Omar G. Tlachi | Después de 22 años operando crisis, organizando eventos para gobernadores y especializándome en mercadotecnia política, uno desarrolla un olfato especial para detectar el aroma a «control de daños» desesperado. No es magia, es técnica: cuando la realidad te explota en la cara, inventas un enemigo externo para que la gente mire hacia otro lado.

​Hoy, el manual de Morena está en su capítulo más cómico: el victimismo patriótico. Ante el «pequeño detalle» de que Estados Unidos señala al gobernador Rocha Moya y a otros funcionarios por nexos con el narco, la orden es gritar «¡Intervencionismo!» a todo pulmón. Es una estrategia brillante para el mercado del resentimiento; nada como envolverse en la bandera nacional para tapar las manchas de lodo.

​Lo que me fascina es la memoria selectiva de esta administración. ¿Se acuerdan cuando celebraban las acusaciones contra García Luna como si fueran el Evangelio? Ahí la justicia gringa era heroica y pura. Pero hoy, cuando los señalados visten de guinda, los gringos son los villanos imperiales. ¡Vaya flexibilidad moral! No entregar a los implicados NO es defender la soberanía, es ponerle un «Escudo Nacional» a la impunidad. Y mientras aquí juegan al nacionalismo de cartón, Donald Trump ya avisó que vendrá por los cárteles y todos los involucrados con o sin permiso.

Avisados están: el orgullo sale caro cuando se usa para encubrir.

En nuestra Tlaxcala, el guion es igual de cínico.
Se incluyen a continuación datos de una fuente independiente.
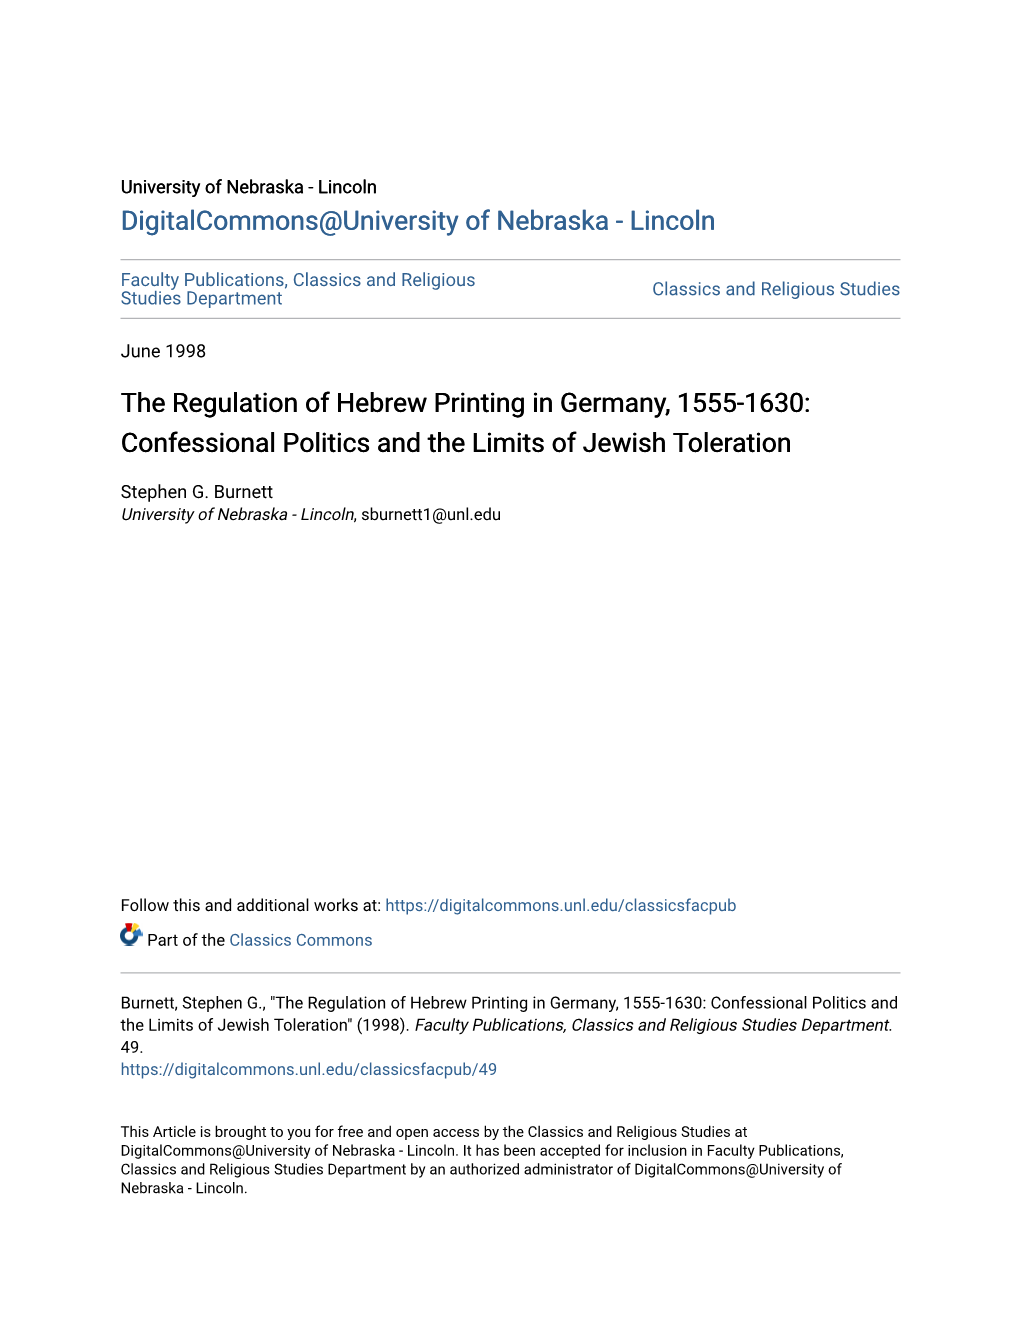 The Regulation of Hebrew Printing in Germany, 1555-1630: Confessional Politics and the Limits of Jewish Toleration

Mientras el Secretario de Seguridad jura y perjura que aquí no operan cárteles —seguramente las mantas con amenazas que aparecen son solo «mensajes de amistad» malinterpretados—, yo me pregunto: ¿Cuánto falta para que veamos alguna visa tlaxcalteca cancelada en las noticias? Como experto en crisis, les doy un consejo gratis: el lodo que salpica desde Sinaloa vuela lejos y podría enterrar las ilusiones del 2027. El intervencionismo no se evita con discursos de izquierda de los años 70; se evita trabajando, limpiando la casa y dejando de ser comparsa del crimen. Pero claro, pedirles que hagan su trabajo y metan a la cárcel a los suyos es, probablemente, ser demasiado inoportuno.

Postdata necesaria: No puedo cerrar esta columna sin expresar mi total solidaridad con Omar Corte, Presidente la asociación Nunca dejes de brillar. En un estado que presume transformación, los actos de homofobia que sufrió recientemente son una señal de lo mucho que nos falta como sociedad. El odio no tiene cabida en una Tlaxcala que aspire a la justicia; mi respaldo total a mi tocayo en su lucha por la dignidad y el respeto.